Data shown =
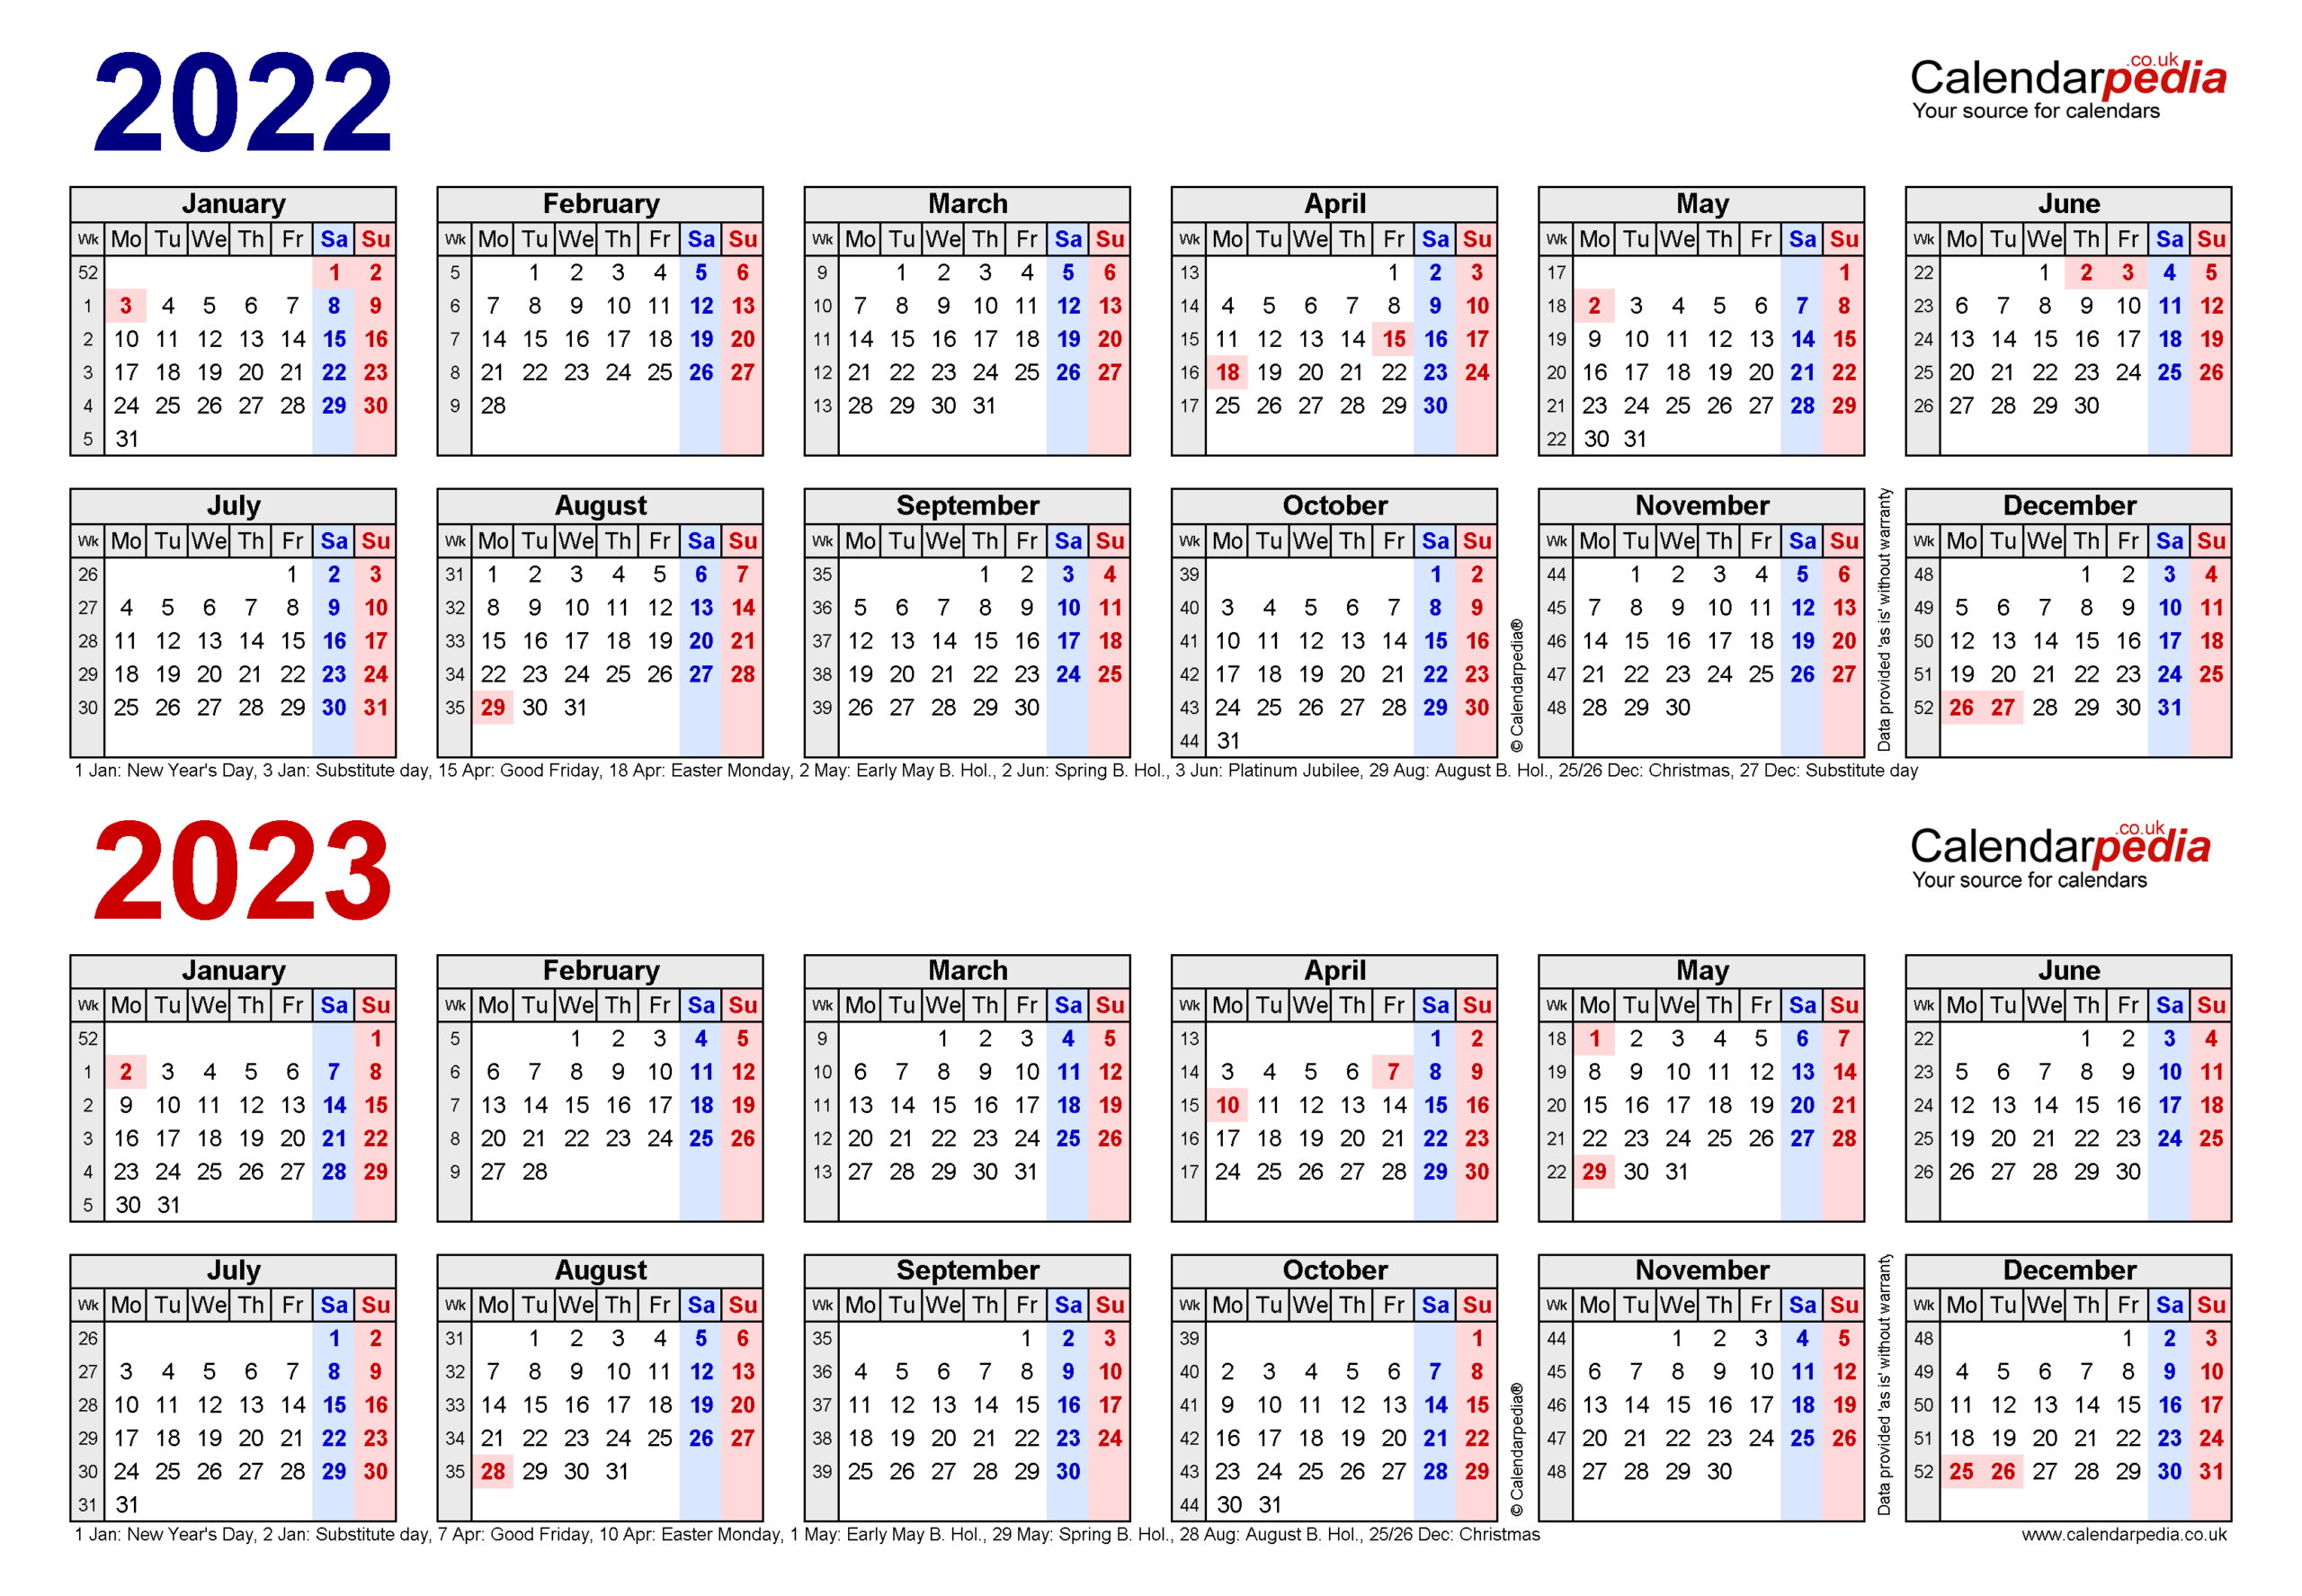 Get Sept 22 2022 Calendar
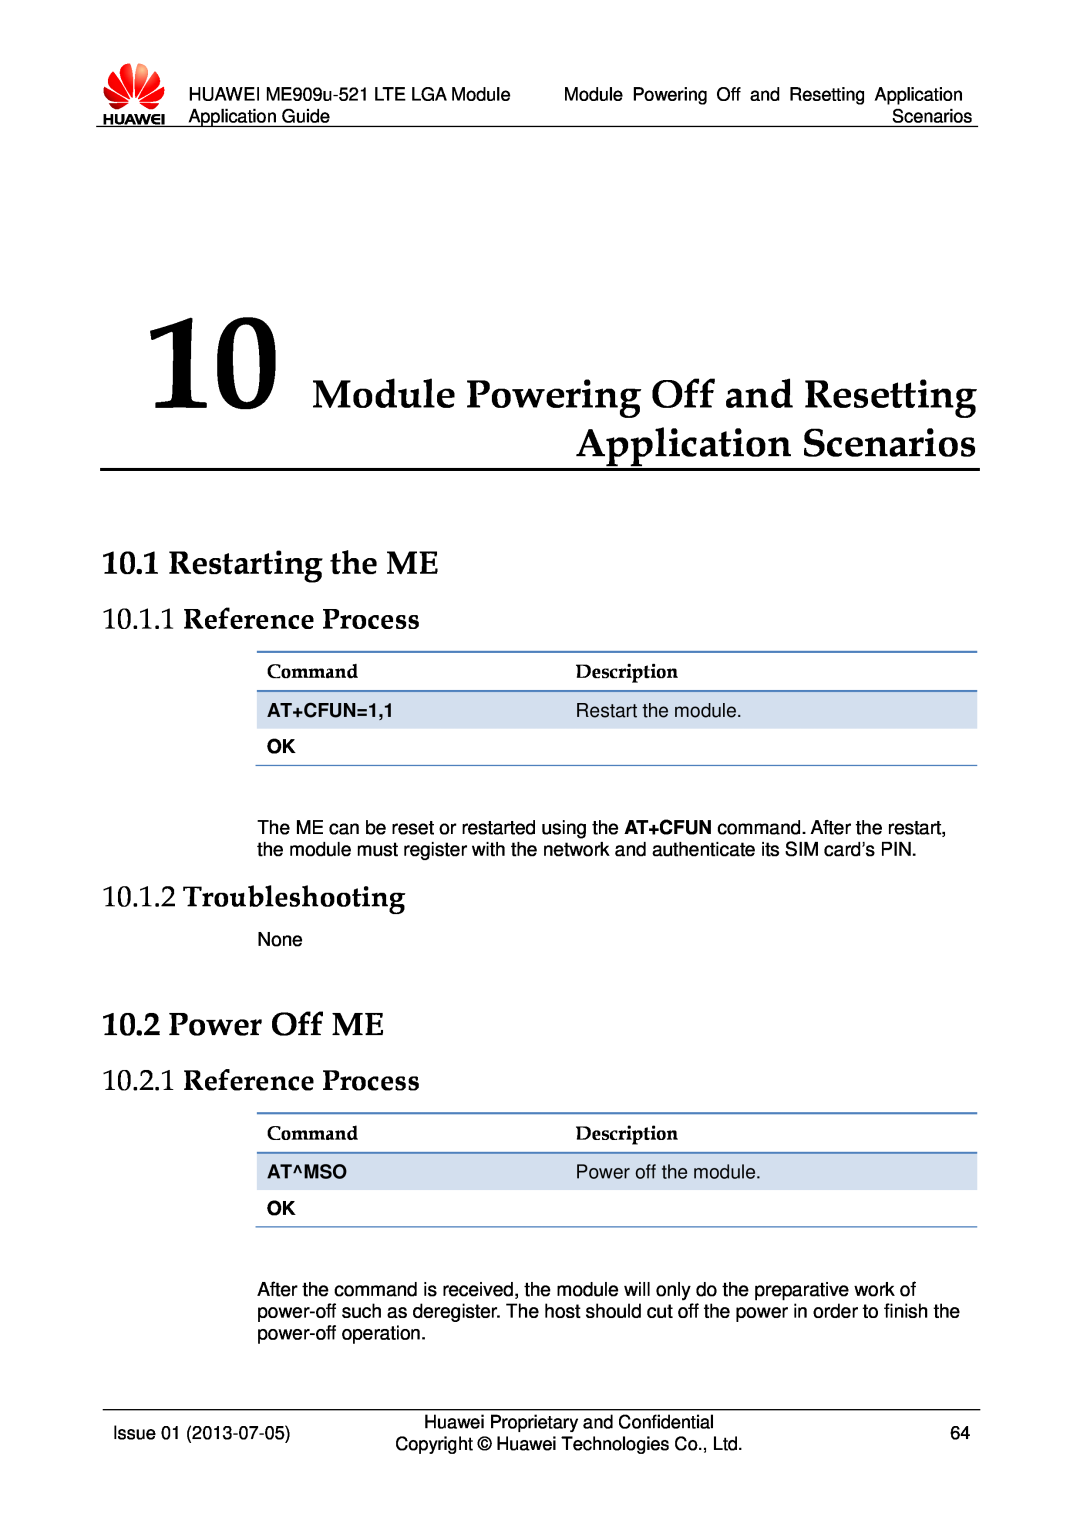 Huawei ME909u-521 manual Module Powering Off and Resetting Application Scenarios, Restarting the ME, Power Off ME 
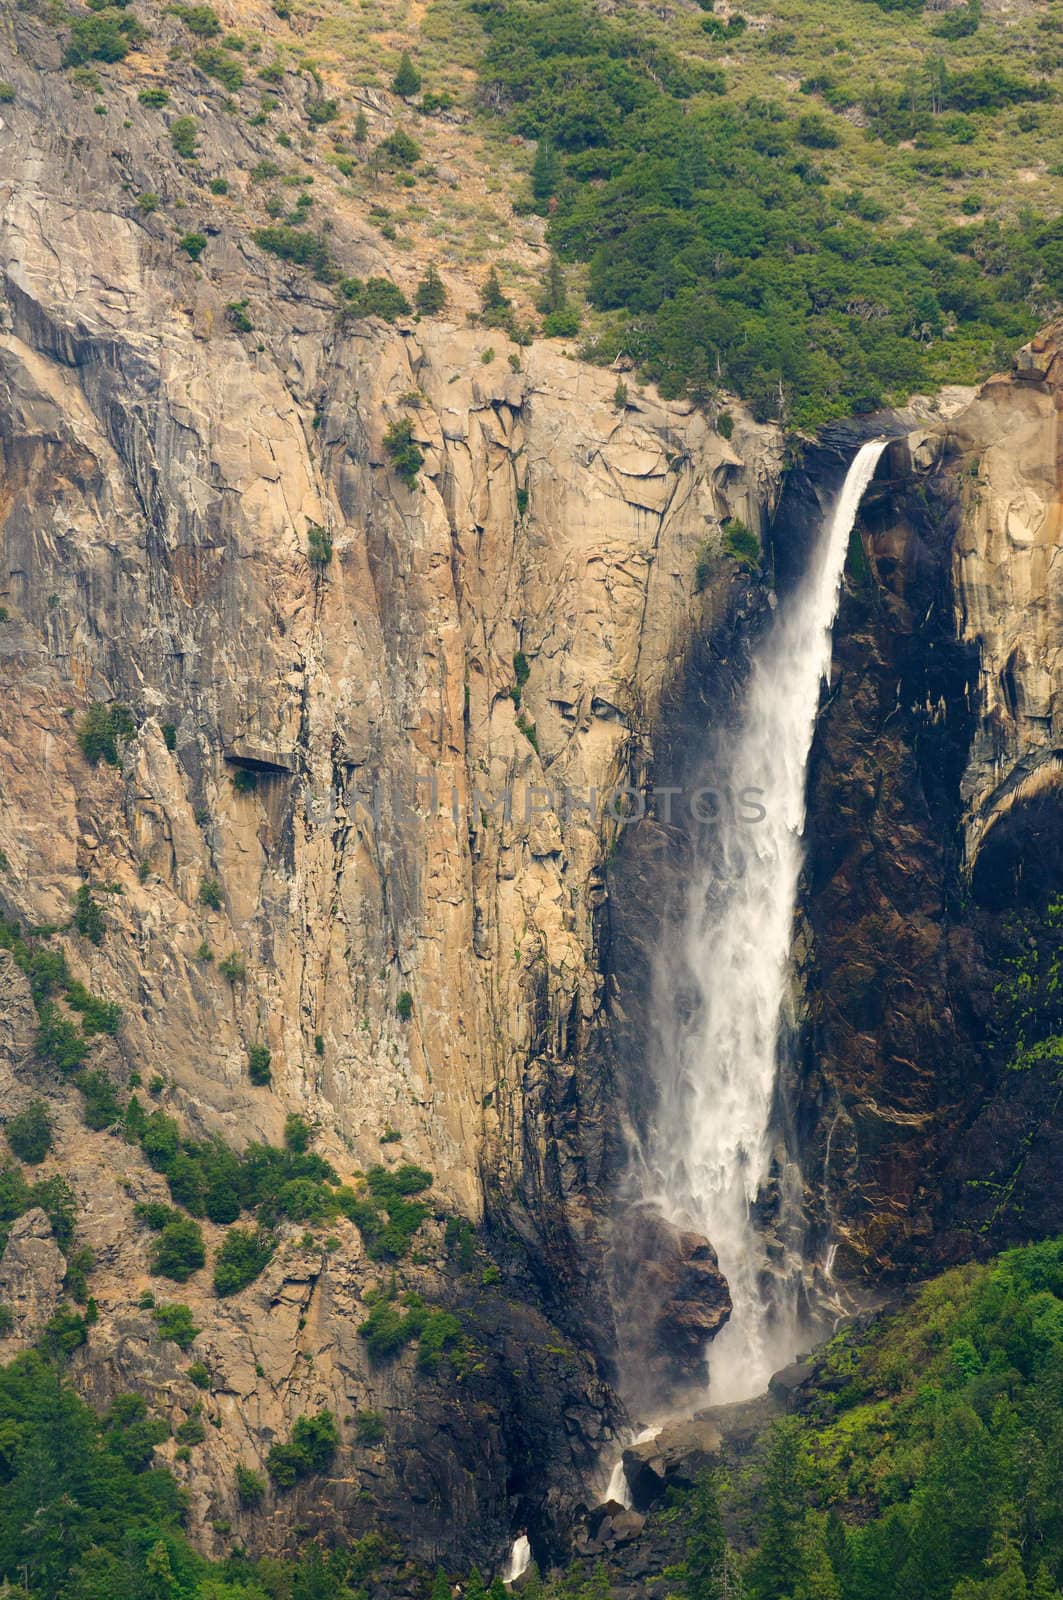 bridleveil falls, california by jeffbanke

What to do =
The expected result is the complete listing above, printed exactly, with no pictures.

Solved exercise =
 Get Sept 22 2022 Calendar
 Huawei ME909u-521 manual Module Powering Off and Resetting Application Scenarios, Restarting the ME, Power Off ME 
 bridleveil falls, california by jeffbanke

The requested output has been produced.